When to use this skill

Use this skill when:

  • Analyzing datasets (CSV, JSON, Excel, databases)
  • Calculating statistics (mean, median, mode, standard deviation)
  • Identifying patterns and trends
  • Detecting anomalies or outliers
  • Generating insights from data
  • Creating visualizations
  • Comparing groups or segments
  • Performing correlation analysis

Core capabilities

1. Descriptive Statistics

Calculate summary statistics to understand data distribution:

import pandas as pd
import numpy as np

def analyze_dataset(data: pd.DataFrame) -> dict:
    """Generate comprehensive statistical summary.

    Args:
        data: DataFrame to analyze

    Returns:
        Dictionary with statistical metrics
    """
    stats = {
        'shape': data.shape,
        'columns': list(data.columns),
        'dtypes': data.dtypes.to_dict(),
        'missing_values': data.isnull().sum().to_dict(),
        'numeric_summary': {},
        'categorical_summary': {}
    }

    # Numeric columns analysis
    numeric_cols = data.select_dtypes(include=[np.number]).columns
    for col in numeric_cols:
        stats['numeric_summary'][col] = {
            'mean': data[col].mean(),
            'median': data[col].median(),
            'std': data[col].std(),
            'min': data[col].min(),
            'max': data[col].max(),
            'q25': data[col].quantile(0.25),
            'q75': data[col].quantile(0.75),
        }

    # Categorical columns analysis
    categorical_cols = data.select_dtypes(include=['object', 'category']).columns
    for col in categorical_cols:
        stats['categorical_summary'][col] = {
            'unique_values': data[col].nunique(),
            'most_common': data[col].mode().iloc[0] if len(data[col].mode()) > 0 else None,
            'distribution': data[col].value_counts().head(5).to_dict()
        }

    return stats

# Usage
df = pd.read_csv('sales_data.csv')
stats = analyze_dataset(df)
print(f"Dataset shape: {stats['shape']}")
print(f"Missing values: {stats['missing_values']}")

2. Pattern Recognition

Identify trends and patterns in time series or sequential data:

def detect_trend(data: pd.Series) -> dict:
    """Detect trend direction and strength.

    Args:
        data: Time series data

    Returns:
        Dict with trend direction, slope, and R²
    """
    from scipy import stats as sp_stats

    x = np.arange(len(data))
    y = data.values

    # Remove NaN values
    mask = ~np.isnan(y)
    x_clean = x[mask]
    y_clean = y[mask]

    if len(x_clean) < 2:
        return {'trend': 'insufficient_data'}

    # Linear regression
    slope, intercept, r_value, p_value, std_err = sp_stats.linregress(x_clean, y_clean)

    trend = {
        'direction': 'increasing' if slope > 0 else 'decreasing' if slope < 0 else 'flat',
        'slope': slope,
        'r_squared': r_value ** 2,
        'p_value': p_value,
        'significant': p_value < 0.05
    }

    return trend

# Usage
monthly_sales = pd.Series([100, 120, 115, 135, 150, 145, 170, 180])
trend = detect_trend(monthly_sales)
print(f"Trend: {trend['direction']} (R²={trend['r_squared']:.3f})")

3. Anomaly Detection

Find outliers and unusual data points:

def detect_outliers(data: pd.Series, method: str = 'iqr') -> pd.Series:
    """Detect outliers using IQR or Z-score method.

    Args:
        data: Data series to check
        method: 'iqr' (Interquartile Range) or 'zscore'

    Returns:
        Boolean series marking outliers as True
    """
    if method == 'iqr':
        q1 = data.quantile(0.25)
        q3 = data.quantile(0.75)
        iqr = q3 - q1
        lower_bound = q1 - 1.5 * iqr
        upper_bound = q3 + 1.5 * iqr
        outliers = (data < lower_bound) | (data > upper_bound)

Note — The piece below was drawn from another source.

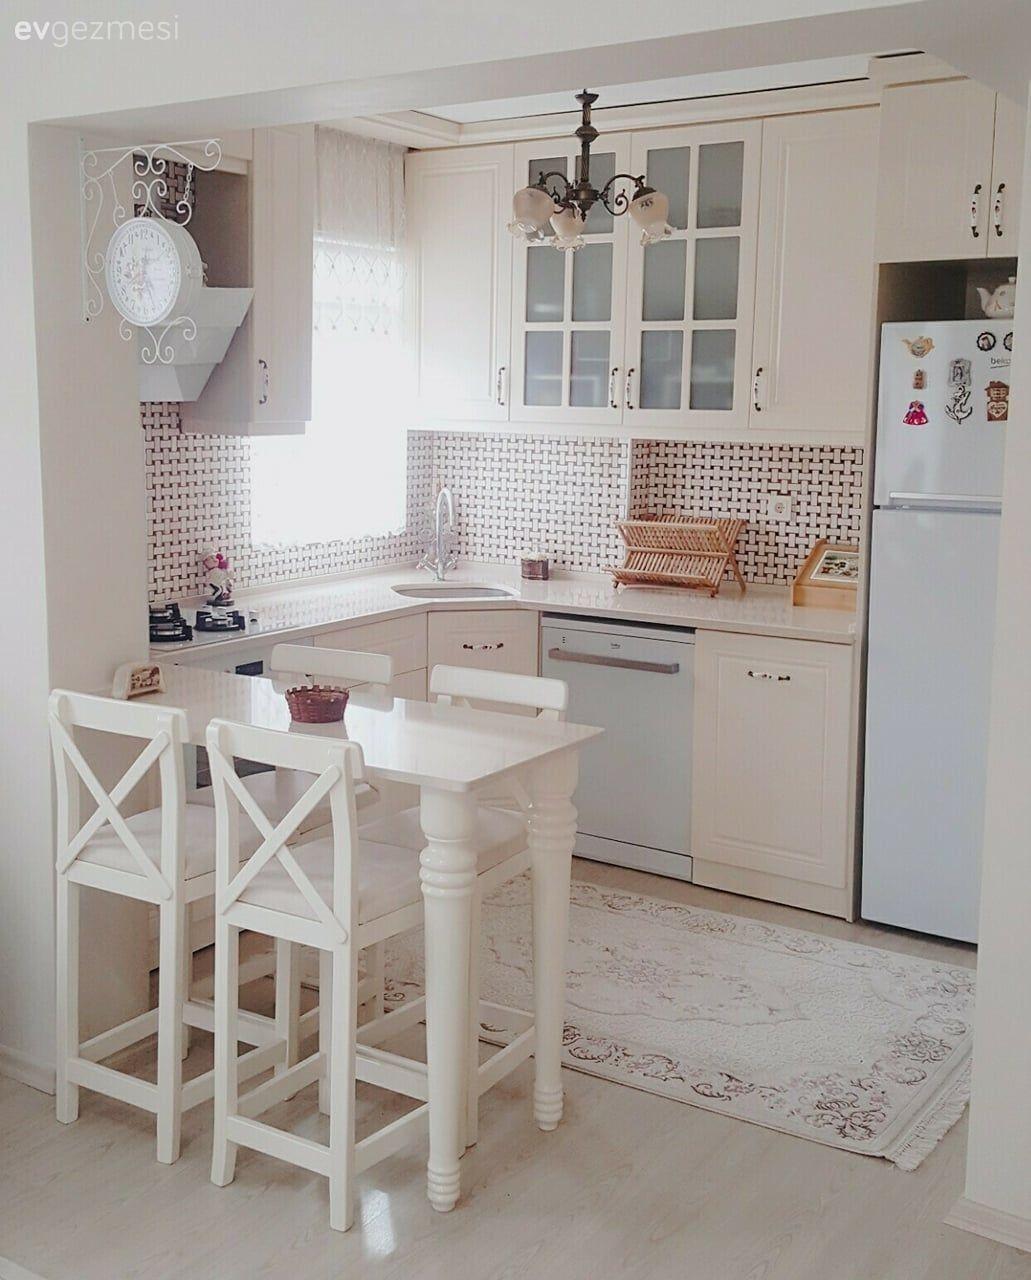 Pin By On Ev Dekorasyon Cerceve Small Kitchen Decor Design Home

    elif method == 'zscore':
        z_scores = np.abs((data - data.mean()) / data.std())
        outliers = z_scores > 3

    else:
        raise ValueError(f"Unknown method: {method}")

    return outliers

# Usage
prices = pd.Series([100, 105, 102, 110, 500, 108, 103, 107])  # 500 is outlier
outliers = detect_outliers(prices)
print(f"Outliers detected: {prices[outliers].tolist()}")

4. Correlation Analysis

Understand relationships between variables:

def analyze_correlations(data: pd.DataFrame, threshold: float = 0.5) -> dict:
    """Find strong correlations between numeric columns.

    Args:
        data: DataFrame with numeric columns
        threshold: Minimum absolute correlation value

    Returns:
        Dict with correlation matrix and strong correlations
    """
    # Compute correlation matrix
    corr_matrix = data.select_dtypes(include=[np.number]).corr()

    # Find strong correlations
    strong_correlations = []
    for i in range(len(corr_matrix.columns)):
        for j in range(i+1, len(corr_matrix.columns)):
            col1 = corr_matrix.columns[i]
            col2 = corr_matrix.columns[j]
            corr_value = corr_matrix.iloc[i, j]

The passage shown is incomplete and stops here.